The globalisation of the IT industry is central to ensuring economic growth around the world.
European nations are amongst the most developed, in part down to their embracing of new technologies, whereas developing countries (including the BRIC collective) fared poorly, according to the first edition of The ICT Globalisation Index, an Economist Intelligence Unit (EIU) report commissioned by Huawei.
The report examined a range of indicators across 20 countries spread across five continents, including openness to information and communication technologies (ICT) trade, openness to foreign investment in the ICT sector, research and development (R&D) globalisation, and strength of the ICT environment.
Of the countries surveyed, the UK came out on top, recording an overall score of 69.6 (out of a maximum of 100), followed by the Netherlands (60.3) and Germany (56.0), mainly due to its openness to trade, where it ranked third, and the strength of its ICT environment,
What set the UK apart was its openness to foreign investment, where it scored 91.7, far ahead of any other nation. The report theorised that this high score may be due to the UK's lack of domestic innovation, which was shown by the relatively low proportion of ICT patents registered in the country.
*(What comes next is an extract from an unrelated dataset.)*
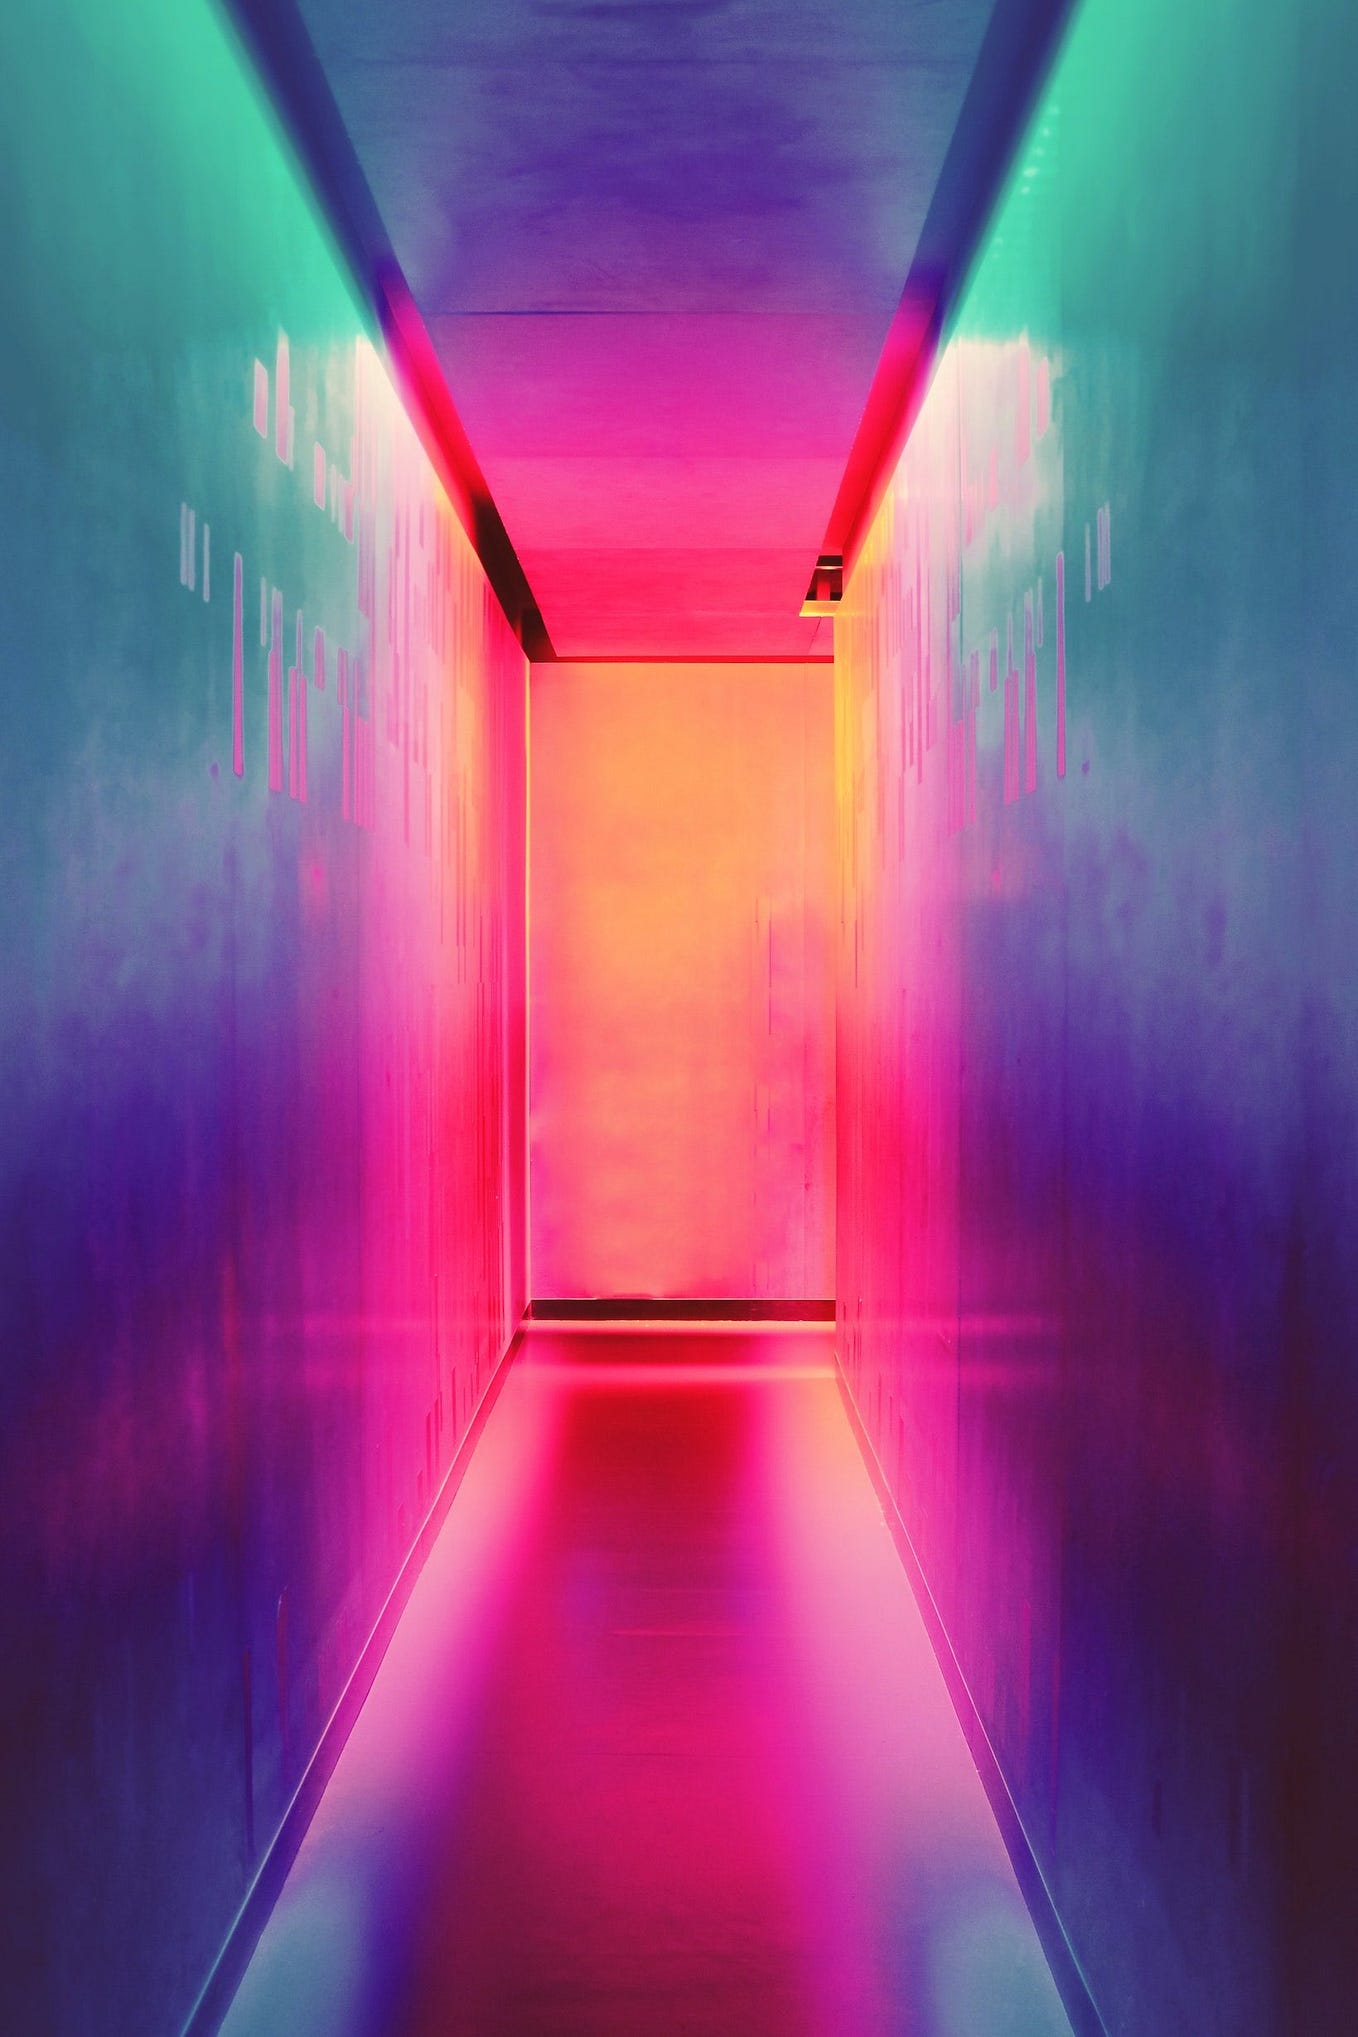 Long brightly colored corridor with an open door at the end.

Despite European countries largely scoring highly in the report, the continent did present a significant North-South divide, Christopher Clague, Senior Analyst at the EIU, said whilst presenting the results.
Northern European economies tended to be export-focused, leading them to push in order to be more competitive and commit more to R&D in particular, whereas Southern European economies often imported new products or services, improving relations between countries but stalling domestic development.
Overall, a lack of transparency and poor knowledge of foreign markets were the main factors in hindering future growth, the report found, with Clague stating that many of the agreements than cover global trade are more than 20 years old.
"The ICT sector could be more globalised than at present," he stated during his presentation, adding that issues such as the Edward Snowden revelations had stalled some aspects of international co-operation.
The findings ring especially close to home for Huawei, the report's sponsors, given their past attempts to establish themselves in the West, with the US market in particular proving extremely difficult following allegations of covert government spying.
Overall, developing nations fared poorly in the report, with Clague theorising that a lack of available funds for R&D spending and generally poorer IT infrastructure could be key factors in holding back major potential.
This should improve over time, though, he said, adding that future versions of the report may look extremely different as spending patterns change. Disruptive emerging technologies such as 3D printing could also play their part, Clague said, saying that new innovation in such areas could potentially come from any nation.